George Burgess, Gojimo
George Burgess has been running businesses since his school days, and came up with the idea for his mobile app Gojimo in a geography class at 17-year-old. Four years later, having dropped out of Stanford University to focus on his start-up, he has raised just over $1 million in funding. Devised to help students pass exams, the education technology app Gojimo is a suite of revision and exam preparation tools. And Burgess already has contracts in place with the publisher of the Financial Times and Oxford University Press. Based in London’s Silicon Roundabout, the 21-year-old entrepreneur has ambitious plans to sign up all of Britain’s publishers as he reimagines education for the smartphone generation.

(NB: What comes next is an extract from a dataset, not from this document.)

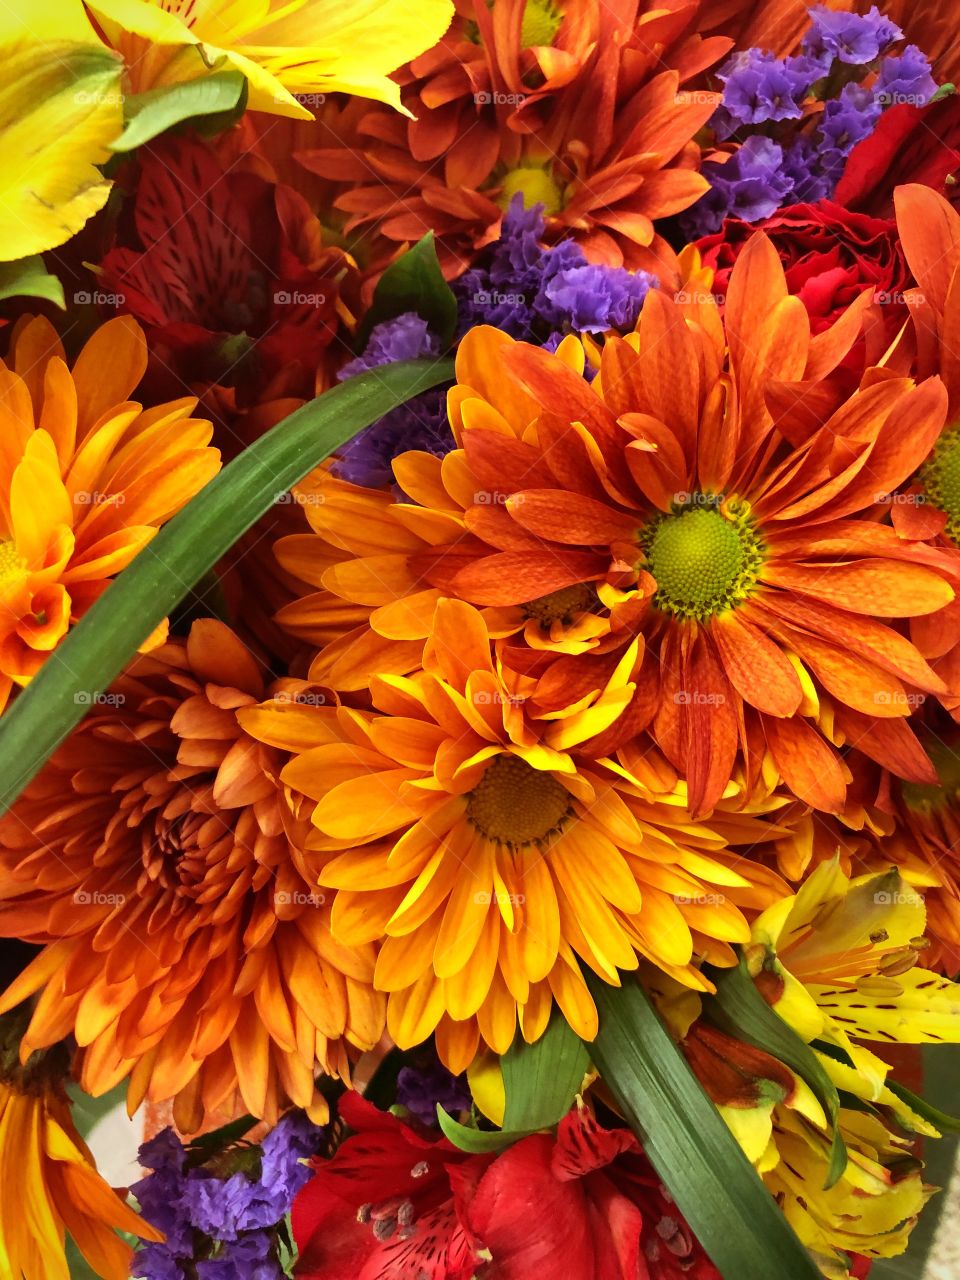 PUTTING TOGETHER A COLORFUL FALL BOUQUET

Ed Hardy and Kit Logan, Edge
17-year-old entrepreneurs Ed Hardy and Kit Logan are both in their first year of sixth form at Eton. And whilst boarding school is not typically a breeding ground for tech start-ups, this pair are hoping to buck the trend. Their location-based skiing app Edge, with GPS mapping technology, provides skiers with analytics and tracking performance stats, logging a skiers speed, distance and gradient across the slopes. The app also allows users to view ski-resort analytics, challenge their snow-sporting friends, and review their favourite mountainside restaurants and bars. The duo are backed by several heavyweight investors including David Rowan, editor of Wired, and venture capitalist Frank Meehan, and that’s before they’ve even left school.